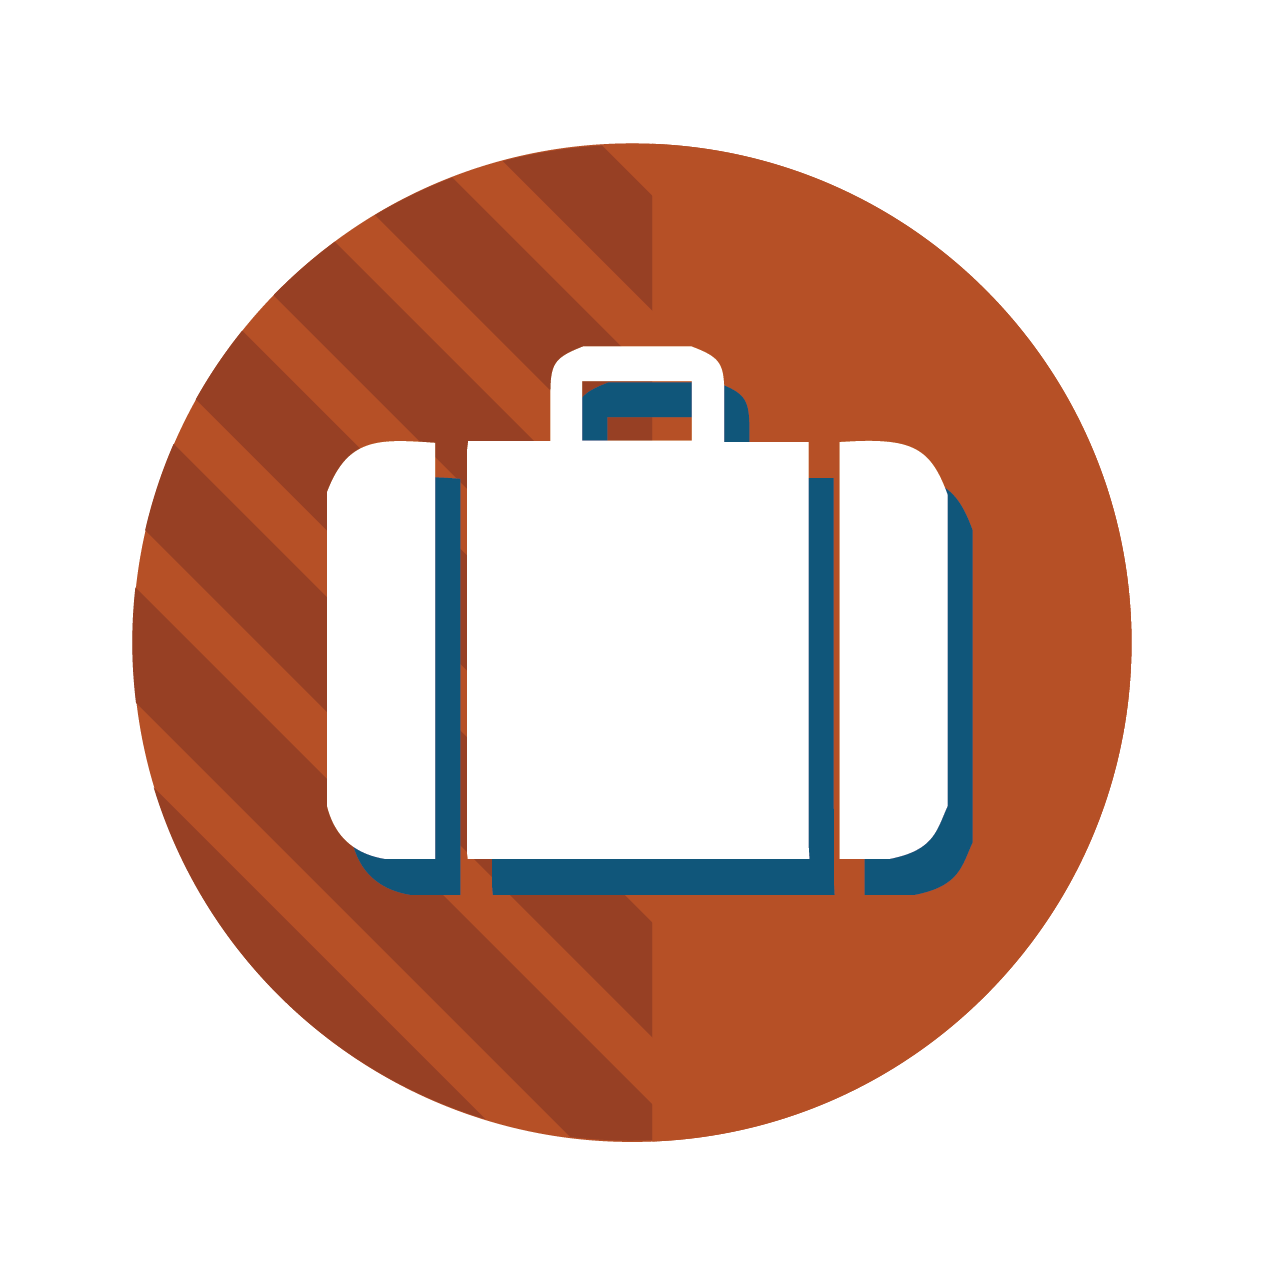 Company List icon of a briefcase in a orange circle
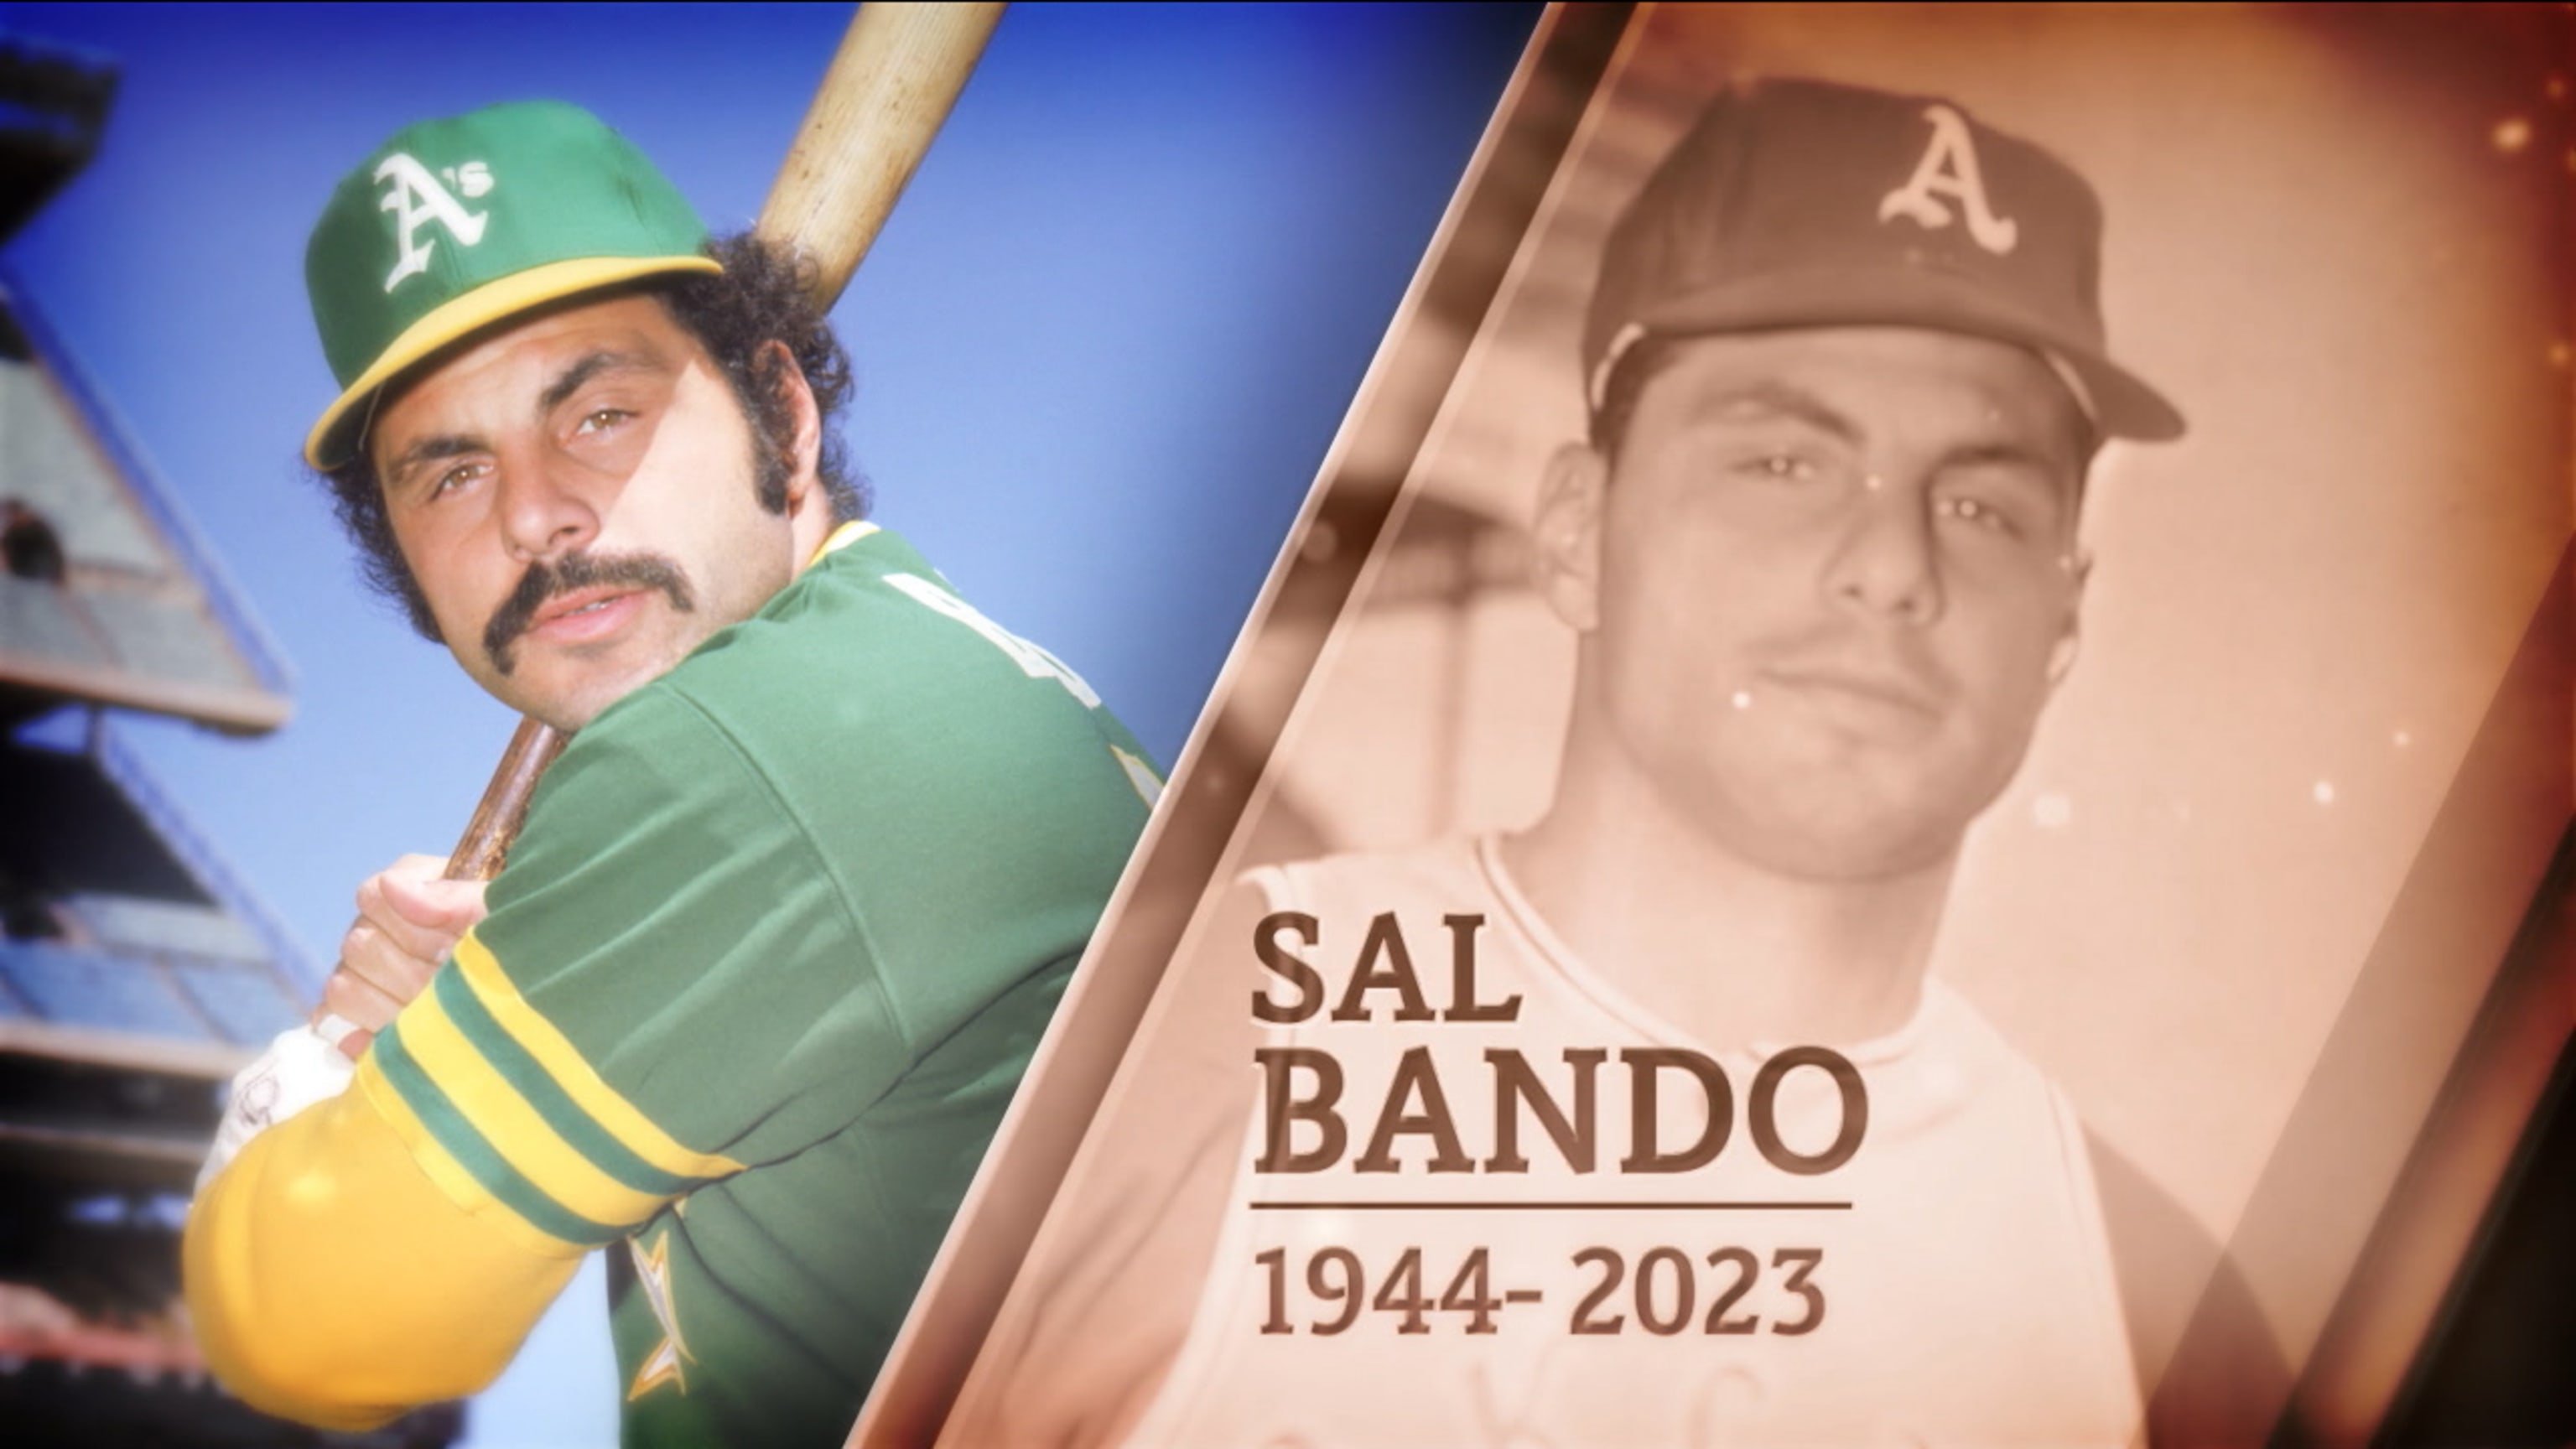 Remembering Sal Bando - Royals Review
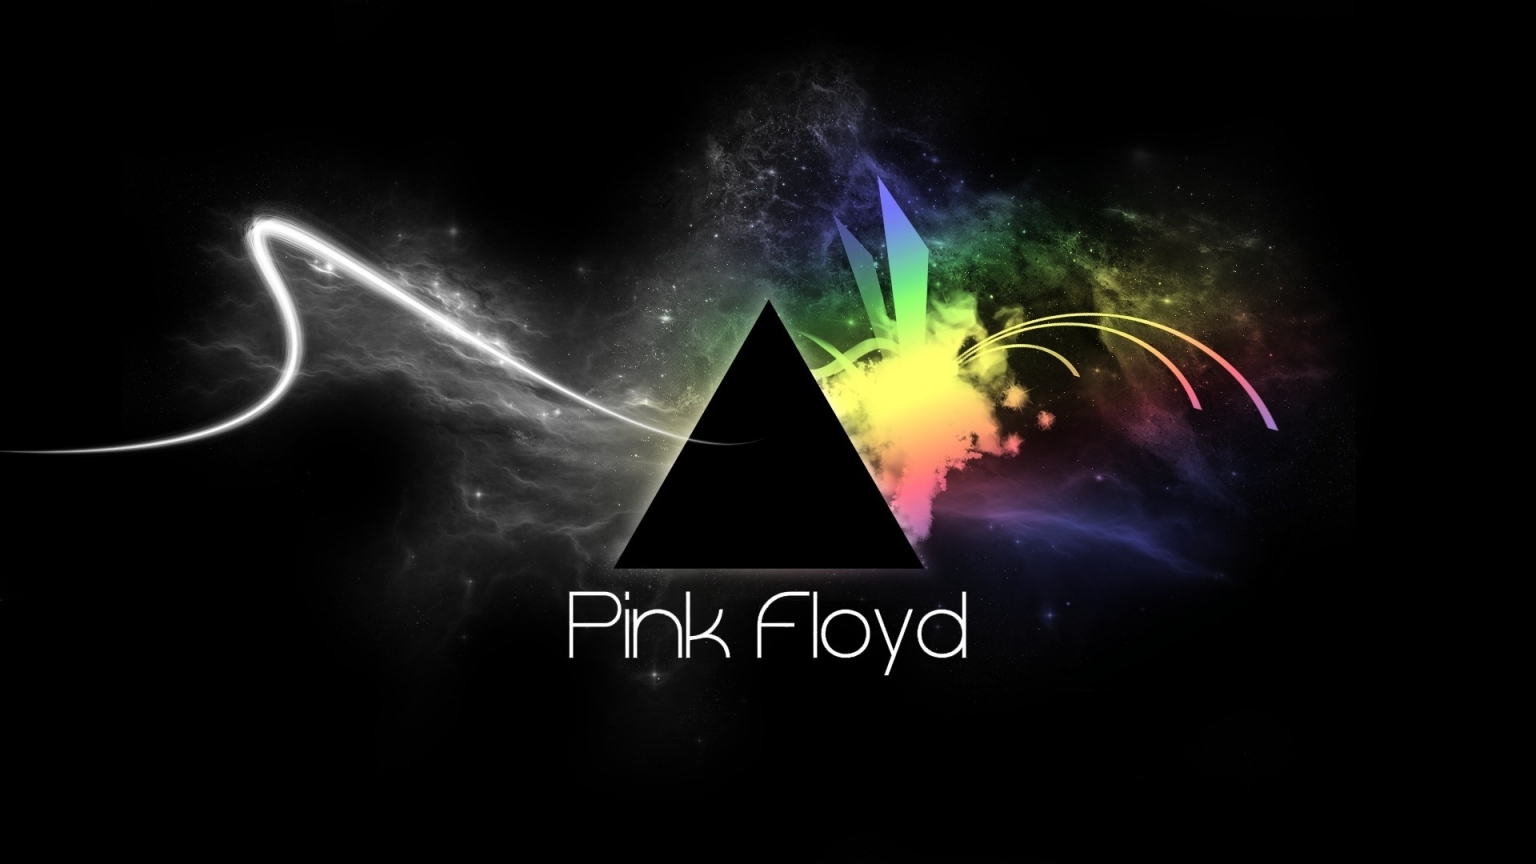 Pink Floyd Logo Design for 1536 x 864 HDTV resolution

= = = = = = =

# Problem to solve:
Copy out every line of the data above, taking care to leave the pictures out.

# Exercise response:
 Company List icon of a briefcase in a orange circle
 Remembering Sal Bando - Royals Review
 Pink Floyd Logo Design for 1536 x 864 HDTV resolution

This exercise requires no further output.